Efficiency through technology
According to the survey, technological advancements and strategic risk management are key factors in the sector’s future. Manufacturers see innovation and adoption of new technologies as paths to help boost operational efficiencies, helping them to stay competitive and respond to some of the challenges that they are facing.
Some of our key findings about technology adoption show:
- Investment in technology, including AI, is cited by manufacturers as the biggest business opportunity over the next 12 months, with nearly half (49%) saying so.
- Most manufacturers have integrated digital technologies in at least some of their business areas, with inventory management and Internet of Things (IoT) leading adoption rates – 91% and 83%, respectively.
- Many manufacturers are experiencing benefits of AI adoption, such as improved operational efficiency (47%) and financial savings (44%).
However, this push towards digital transformation comes with challenges. About 4 in 10 cite high costs as a barrier, followed closely by challenges integrating AI into existing systems (38%) and a lack of internal expertise (37%). Roughly 3 in 10 worry about product defects or underperformance, underscoring that even promising innovations require careful planning and execution.
With the increasing reliance on digital technologies, there is a corresponding need for increased planning and preparation. About 45% of manufacturers said increasing cybersecurity and risk management are among their top opportunities over the next year.
This takes on heightened importance as cybercrime has increased significantly in recent years. In its most recent report, the FBI’s Crime Complaint Center stated that there were more than 859,000 complaints of suspected internet crime with losses exceeding $16 billion. This represents a 33% increase over the previous year.
This jump highlights the need for businesses to continuously review and update their cybersecurity to help reduce the risk of disruption and losses. Nationwide’s cyber coverage and Cyber Resource Center can help businesses stay informed and protect themselves and their customers against cyber attacks.

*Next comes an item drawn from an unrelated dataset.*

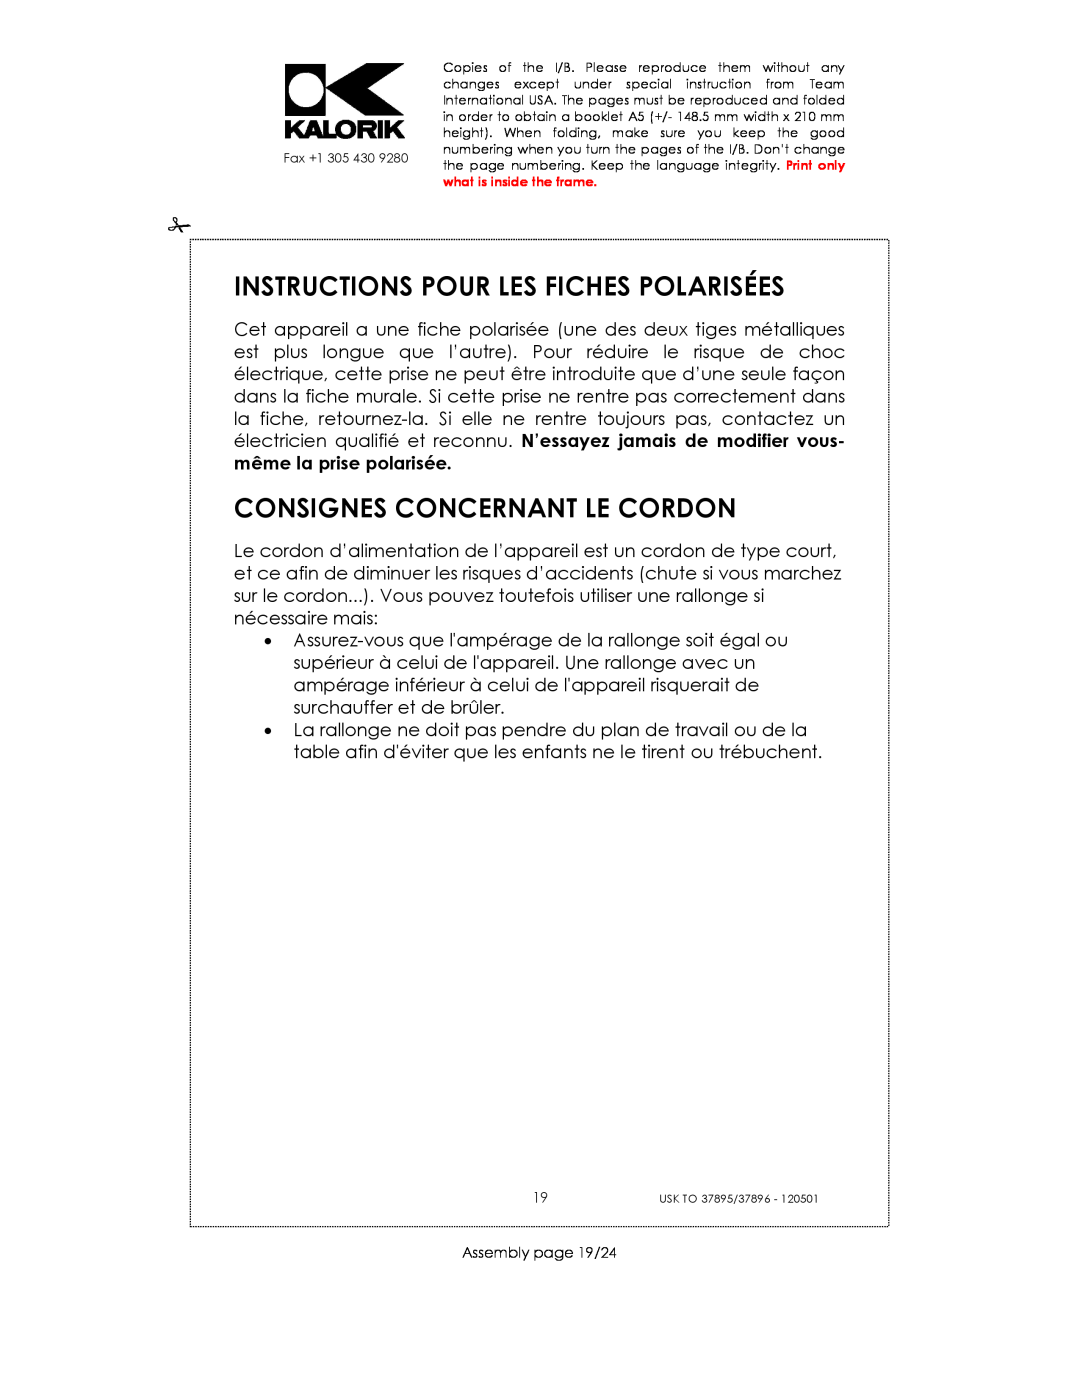 Kalorik USK TO 37895 manual Instructions Pour Les Fiches Polarisées, Consignes Concernant Le Cordon, Assembly page 19/24 
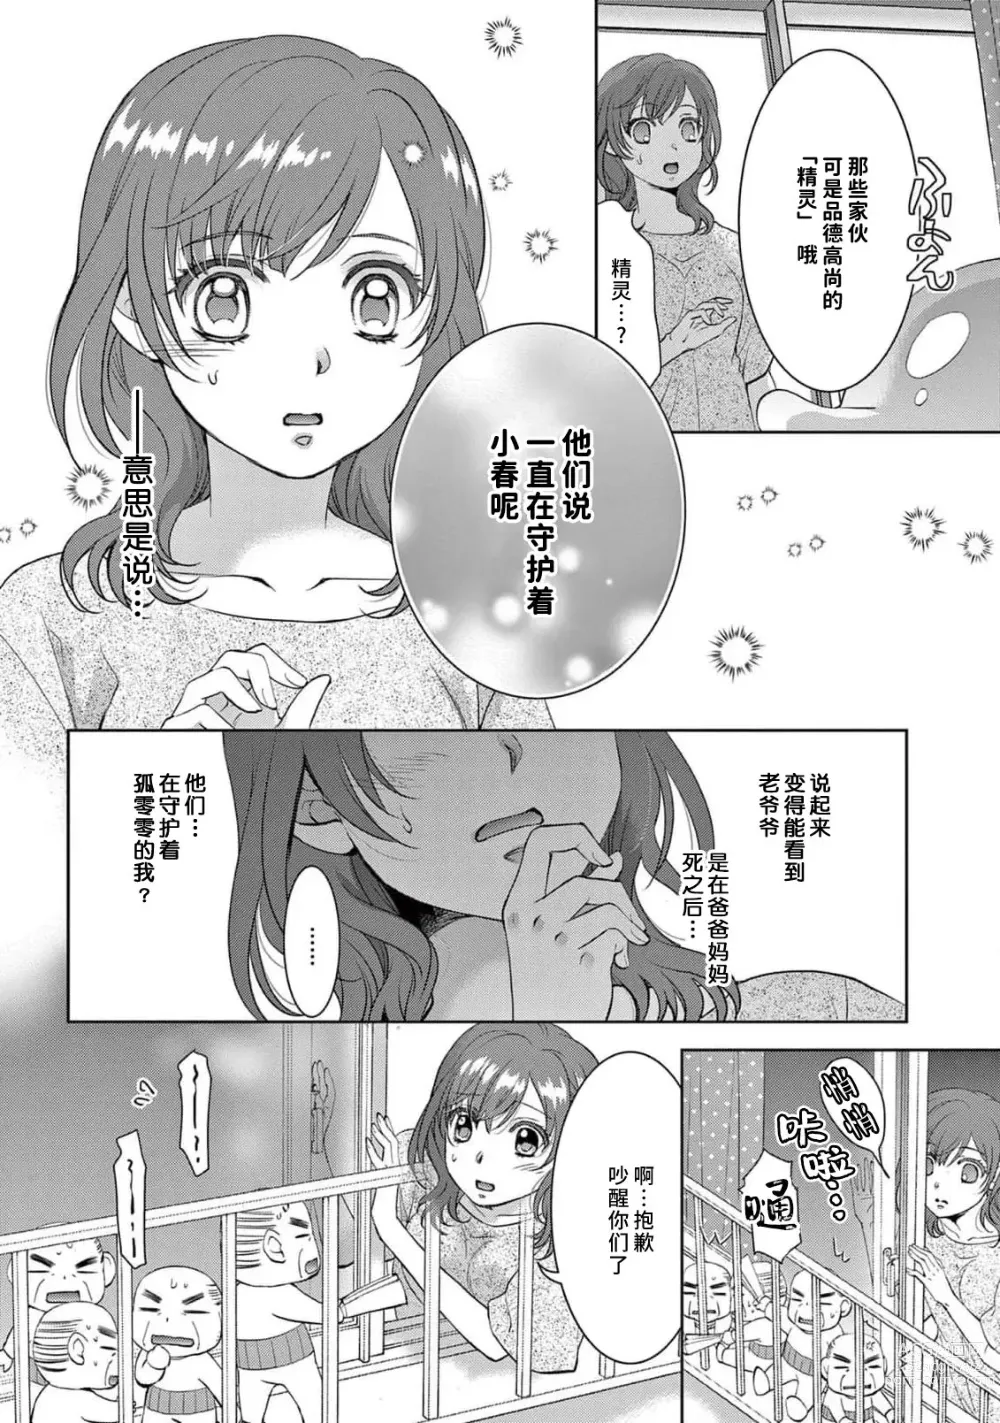 Page 104 of manga 贫困女子和史莱姆男子~软绵绵富有弹性的・甜蜜之家~ 1-2

Looking to agents and risk management
The survey showed 45% of manufacturing leaders said improving risk management strategies is one of their biggest opportunities over the next 12 months.
Risk management is not solely about crisis aversion; it is also about creating an environment of continuity and stability that fosters operational efficiencies. By anticipating potential disruptions and having robust contingency plans in place, manufacturers can ensure smoother operations, minimizing downtime and maintaining momentum even in turbulent times.
Agents play a key role in helping manufacturers navigate these risks and developing strategies to help protect their workers, property and operations. Our survey showed that a large majority of agents said their clients would be interested in receiving information about risk management related to topics such as tariff policies.
Risks such as supply chain disruptions and worker shortages can be addressed through efforts to strengthen business continuity planning and worker safety. Below are a few key resources from our Nationwide Risk Management team that can be shared with clients to help them keep workers safe and mitigate costly disruptions.
Taking a proactive approach not only safeguards against financial losses but also enhances a company’s reputation and reliability in the market.